The characteristics of the orchid species were described in the OrchideenJournal as “sympodial, upright to pendent epiphyte with stems growing up to 1.5 cm long by 1.5 mm in diameter, gradually enlarging cylindrically into two nodes, which are constricted centrally, with a total length of approximately 4 cm by 1.4 cm in diameter.”
The flower’s color is “pure white with purple veins on the side lobes; there is a greenish blotch on the center of the mid lobe; dorsal sepal: ovate, apex acute, 1.1 cm long by 5 mm wide, threeveined.”
The petals were described as “lanceolate, 1 cm long by 4 mm wide, single veined,” and the lateral sepals as “broadly falcate, 1.3 cm long by 6 mm wide, forming a short base; labellum (central petal) – three lobed, 1.2 cm long by 7 mm wide; side lobes rounded; mid lobe broadly ovate; there is a small patch of hairs on the mid lobe. Pedicel and ovary: ridged longitudinally, tapering gradually, 1.2 mm in diameter by 7 mm long.”

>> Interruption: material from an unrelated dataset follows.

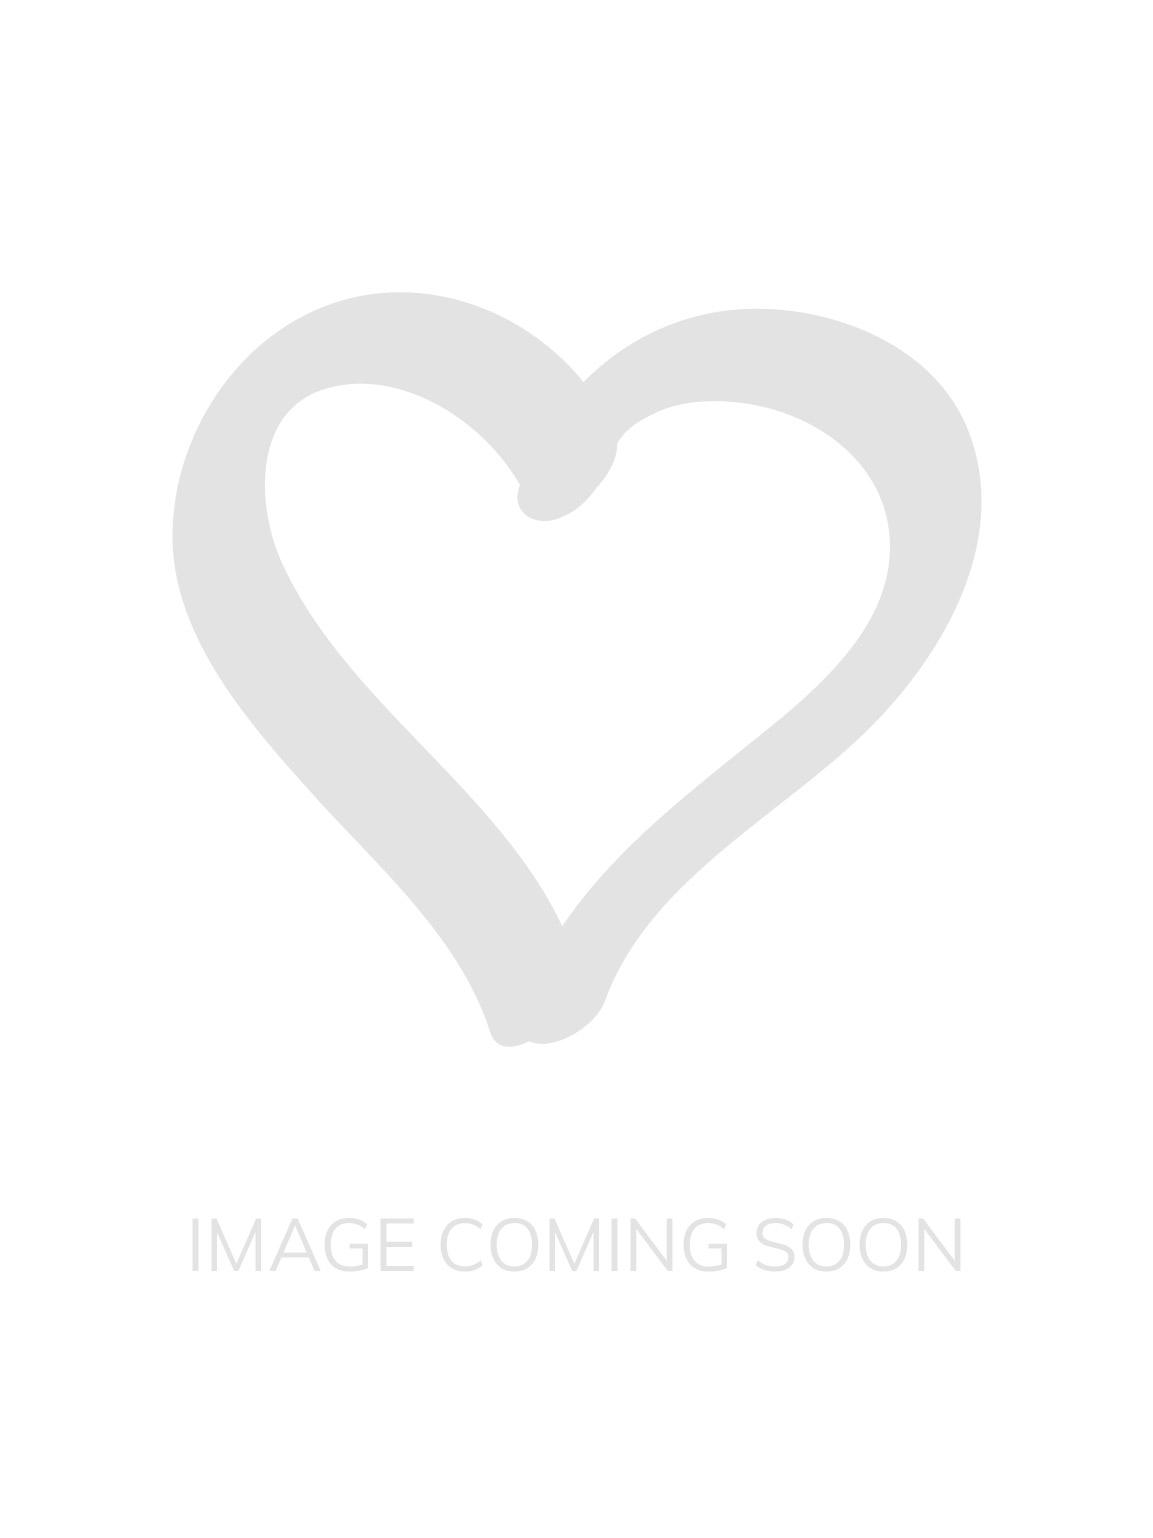 88589cab86 True Shape Sensation W01 Minimiser Bra - Pigeon Grey

Dr. De Leon, who got interested in orchids as an offshoot of his being a raptor conservationist and trekker, said the new species was named after Yap’s grandmother in recognition of Yap’s orchid and forest conservation efforts. De Leon explained Yap’s passion for conservation as extending to replicating rare orchid species and distributing those to be planted in similar habitats. De Leon explained that an orchid species being named after a person or place is very significant as the name will be used in all future literature to describe the species. “It becomes a scientifically-identified orchid and the name will stay forever,” he said.
There are two kinds of orchids: a species and a hybrid. A species grows in the wild while a hybrid is man-made, he explained. There are many hybrid orchids that have been named after celebrities.
De Leon explained that the discovery of a new species is guided by the “Philippine Native Orchid Species” book published in 2011 by Jim Cootes who is known as a “taxonomist,” a biologist who groups organisms into categories.
De Leon, whose affection for orchids seems to be going towards that direction, is an ophthalmologist-vitreo retina surgeon. He calls himself a “raptor conservationist.”
He also discovered a new Epicrianthes species and named it the Epicriantehes aquinoi, in honor of Benigno “Noynoy” Aquino III, the 15th President of the Philippines. (Reprinted from the July 3, 2016 issue of Manila Bulletin)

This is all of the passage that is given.